“南京、镇江、常州、苏州,皆是产粮之地,沿江而下,不过数日可达。”
张朴道:“从上游运粮?那岂不是要南京、苏州等地供粮给松江?朱知府,松江富庶,却要让别处供粮,这道理说得通吗?”
朱慎??道:“张部堂,松江虽不产粮,但松江每年上缴的关税、商税,足以从外地购买粮食。”

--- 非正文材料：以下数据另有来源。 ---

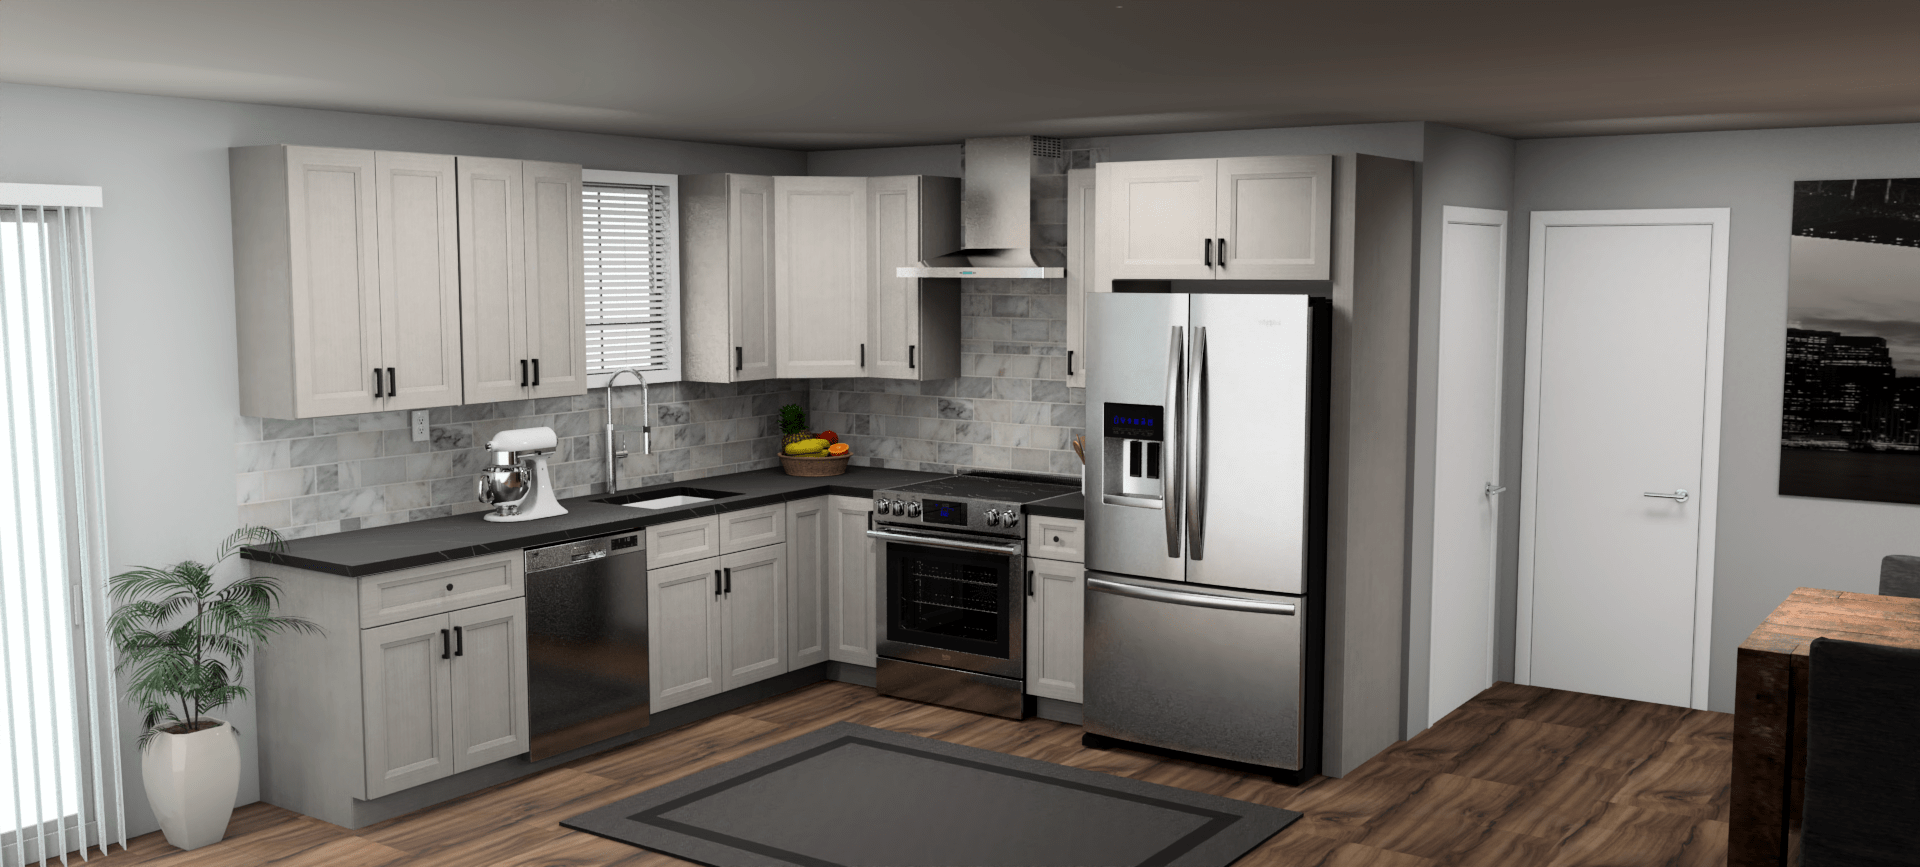 Fabuwood Allure Onyx Horizon 10 x 10 L Shaped Kitchen Main Layout Photo

“这不是让别处供粮,而是用松江的钱,买别处的粮,公平买卖,有何不可?”
两人针锋相对,寸步不让。
朱由检抬手示意二人暂停,目光落在一直沉默的驸马巩永固身上:“驸马,你是南京镇守勋臣,掌管南方各卫所。”
“依你之见,松江若建新城,军事上可有什么难处?”
巩永固起身,拱手道:“回陛下,臣以为,松江建新城,军事上并无大碍。”
“松江地处海边,原有卫所防御海盗。”
“若新城建成,人口增多,可增设卫所,加强防御。”
“长江水师也可在松江设立分寨,巡逻海面,护卫商船。”
朱由检点点头,又看向长江水师提督徐仁爵:“徐仁爵,你呢?”
徐仁爵出班道:“回陛下,长江水师如今有大小战船二百余艘,主力驻防江阴、镇江。”
“若要在松江设立分寨,需增派船只、人手,此事可与兵部商议。”
朱由检沉吟片刻,道:“朕听闻,松江港口水深港阔,大船可以直接靠岸,若将龙江造船厂搬迁到松江,如何?”
此言一出,众人皆是一惊。
南京工部尚书周汝玑当即道:“陛下,龙江造船厂乃洪武年间所建,至今已有二百余年历史,是我大明最大的造船厂,若搬迁到松江,岂不是……”
朱由检道:“周卿,龙江造船厂在南京,确实方便。”
“但南京离海太远,造好的船只,要从长江驶出,需经镇江、江阴,过崇明,才能入海。”
“这一段水路,虽说不远,但毕竟不便。”
“若将造船厂迁到松江,造好的船只可以直接出海,省去许多周折。”
话是这么说,但周汝玑明显是有些不甘心:“陛下,龙江造船厂在南京多年,积累了无数工匠、设备,若搬迁,所费不赀。”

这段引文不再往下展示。